The exit strategy formulated to revive the economy and to ensure the return of civilian life to normalcy which is in disarray due to the COVID – 19 pandemic is to be announced during the weekend. On Wednesday, President Gotabaya Rajapaksa discussed rebuilding the economy in the face of the current challenges with the secretaries to the ministries where the focal point of the discussion was on returning to normalcy. President emphasized the need for the public and private sectors to recommence its business activities. The responsibility of ensuring the public adhering to safety regulations and preventing large gatherings was entrusted on the secretaries to the ministries as well as heads of institutes once the curfew is eased.
The task of returning to normalcy is still in the discussion stage. But, no doubt, Lanka is on the march. No need to spur it into a sprint and jeopardise the carefully laid exit strategies by holding polls in the rush.
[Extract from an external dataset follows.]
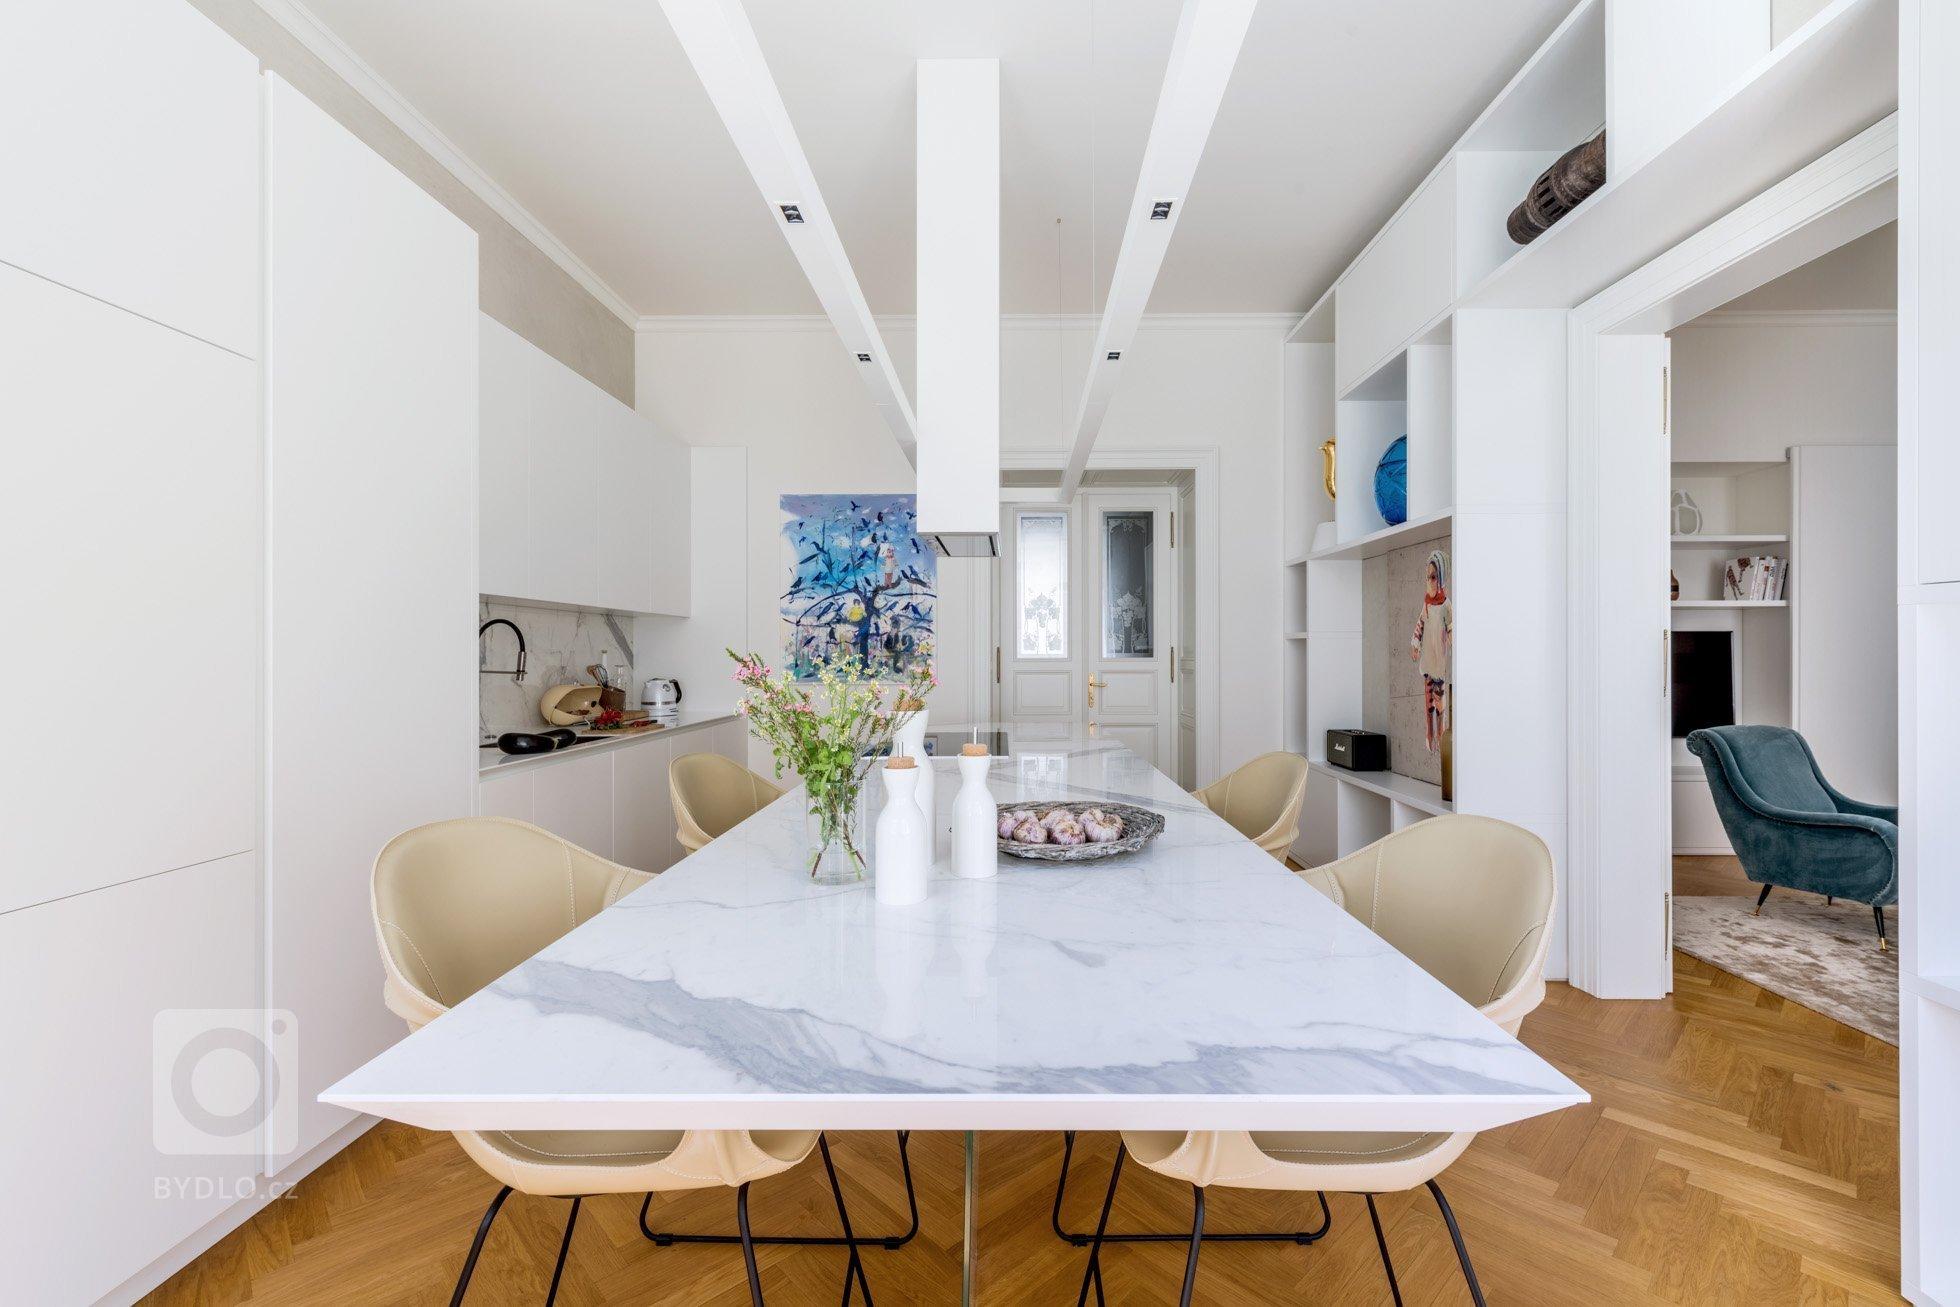 Propojit moderní akcenty shistorickým duchem kompletně zrekonstruovaného bytu včinžovním domě vsamém centru Prahy bylo pro minimalisticky…
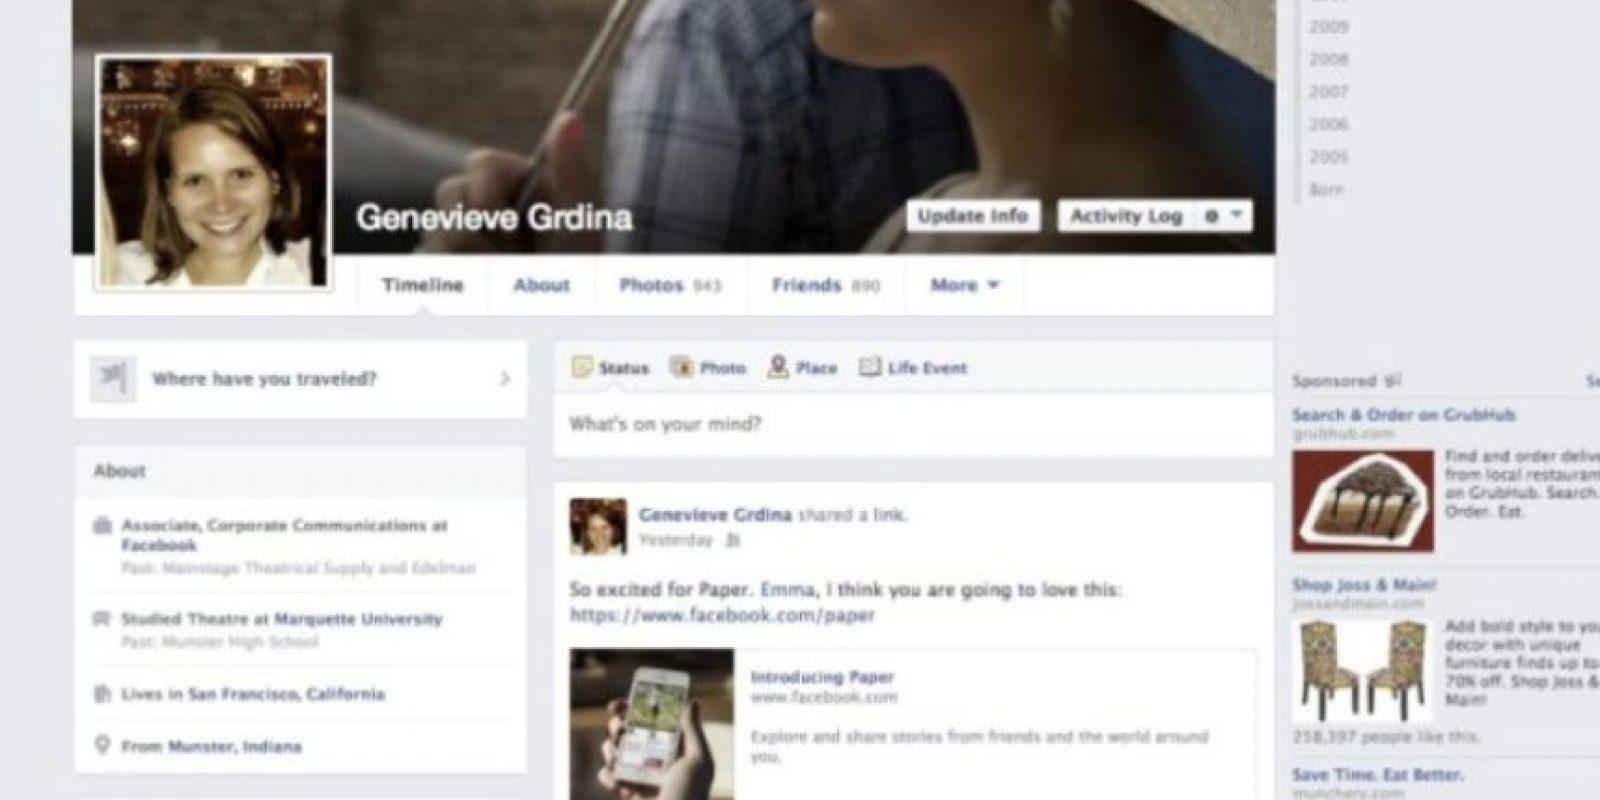 """2013-2014. Facebook introduce una aplicación llamada """"Paper"""" y se los colores se vuelven más sutiles. Foto:Facebook.com"""

Lanka, which reported 5 more COVID cases on Friday after reporting none on Thursday, is still not out of the woods. Before getting bogged down in the everglades, it is necessary to exercise an abundance of caution and possess a stockpile of patience. Remember that this thrice blessed island has been relatively fortunate compared to other countries hit by COVID. Since the first local was detected on March 11, there have been only 7 deaths in five weeks. Contrast this with countries like Italy, Spain, Britain and America where each nation’s death toll has surpassed over 1000 a day.
When we should be counting our blessings that we have been thus spared the full force of the COVID invasion, Professor Peiris is counting the number of seats his party, the SLPP, can muster at a snap May election with the coronavirus still stalking the land with its scythe. Such self-confidence, such arrogance, such a loss of contact with reality is to invite hubris – the anger of the gods. It is wise to note that once the sluice gates are open and the nation is swamped by a deluge of coronavirus infections, there can be no turning back to shut it.